In his own words Thuli talks of how through his ability to co-create and take others on an imaginative joyride with him he had managed to make himself immune to the pain around him.
“The suffering that was as massive in my existence as an alien in the UK and my ethnic heritage as an Ndebele in the turmoil filled Zimbabwe, deemed a catch-22 position,” he said.
“There was nowhere to run, nowhere to escape to, not even with my mind. 
“My heart had taken over and for once I was feeling.
“All those shelved memories of that time in Zimbabwe started to come back.
“Of me and my best mate Oswald planning to be a part of the struggle in whatever way we could.
“Were we going to be foot soldiers, politicians or pilots?
“We did not know — but what we did know, was that we had to be a part of the fight for a blood-free Zimbabwe.
“I may have not made it as a foot soldier or a politician in the end, but I do now realise how everything went full circle in leading me back right where I started.
“Right here at home, where I was always meant to be.
Since January 2014, Thuli has for the first time ever begun to work on his own movie titled 360 Degrees and for the first time ever he becomes an executive producer.

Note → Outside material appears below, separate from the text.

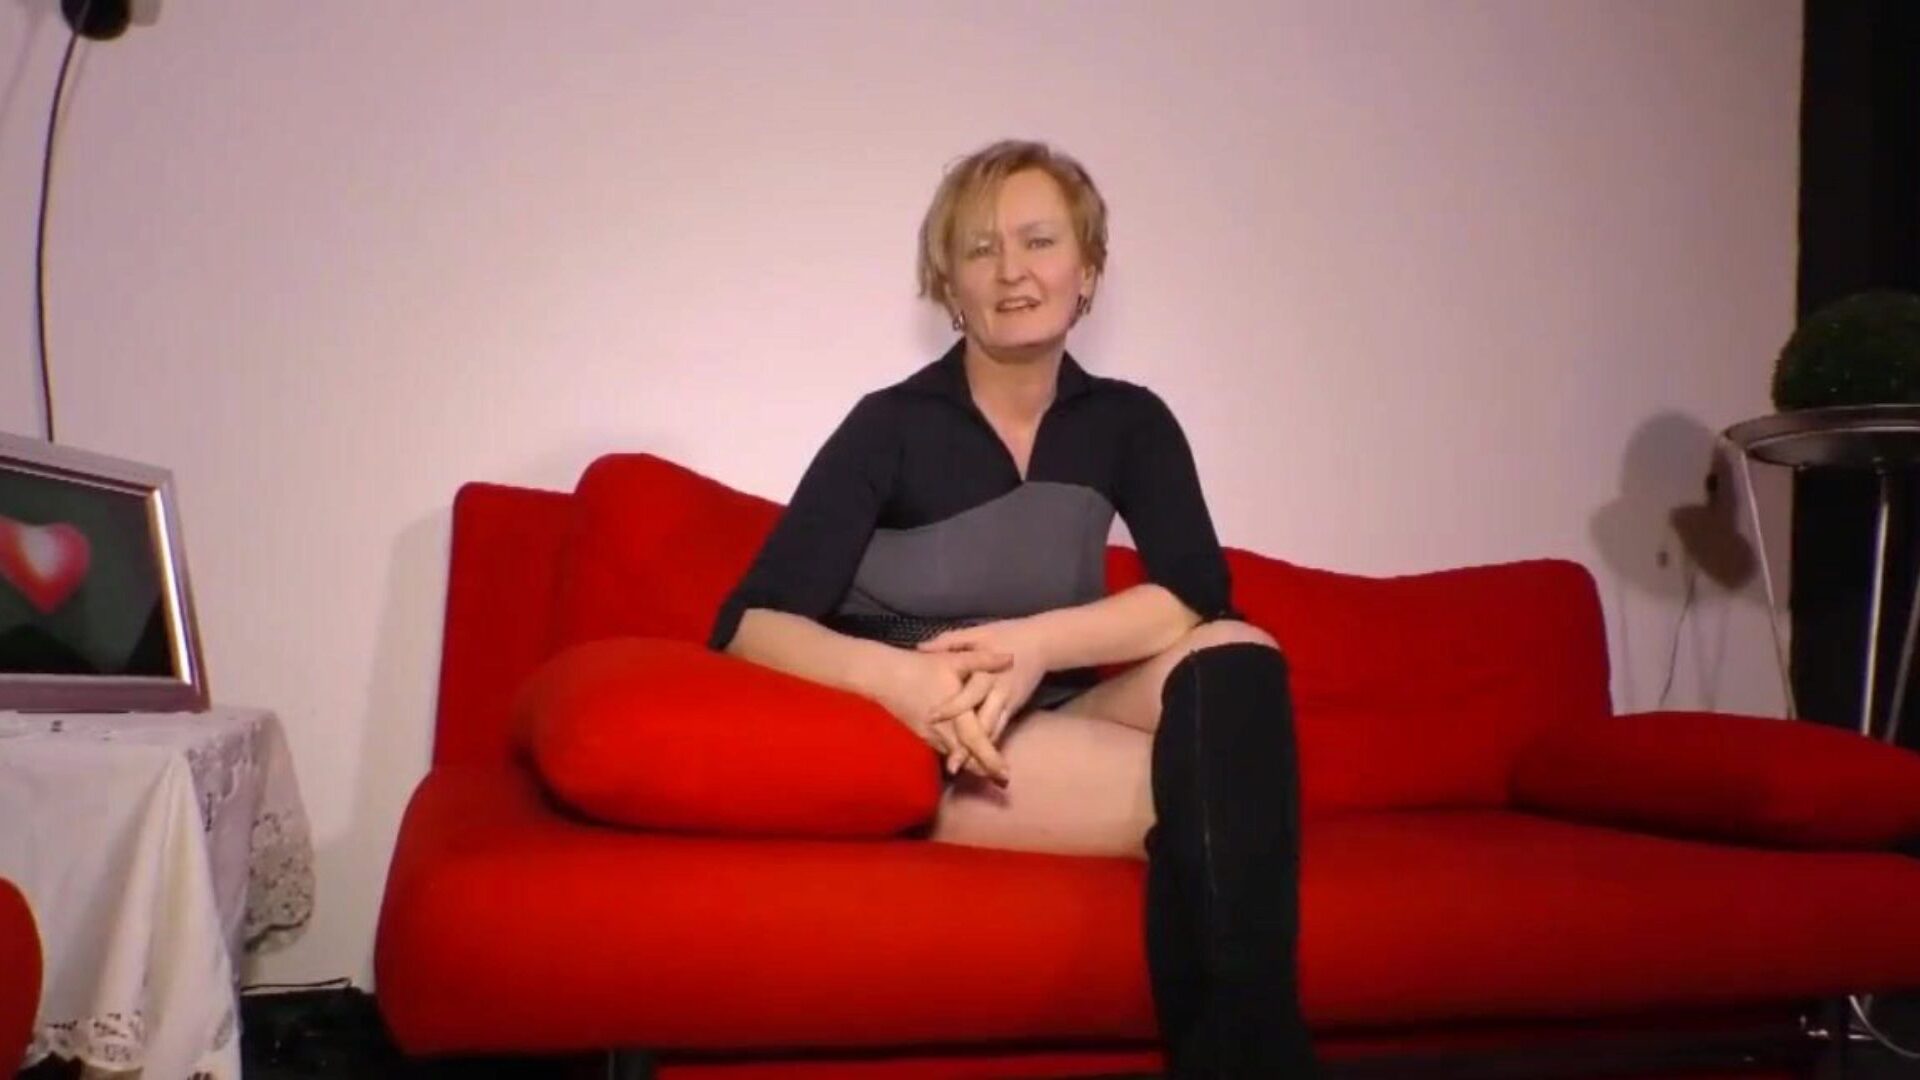 tante gerda auf der besetzungs couch geht doch: hd porn 0a watch tante gerda auf der besetzungs couch geht doch episode on xhamster - the ultimate database of free-for-all German perfored nipples hd xxx porno tube epizodes

Like Leroy Gopal, Luthuli Dlamini will soon be heading this way to begin dialogue around script development and the making of movies right here in Zimbabwe
I close this week with a link to a teaser of the movie 360 Degrees which Luthuli wants me to share with Zimbabwe.
When I spoke to him this week, the reality of the struggle to tell our stories due to lack of adequate funding was at the top of his agenda.
He has raised 70 percent for this movie which is currently in production, but he still needs to raise another 30 percent to complete the story.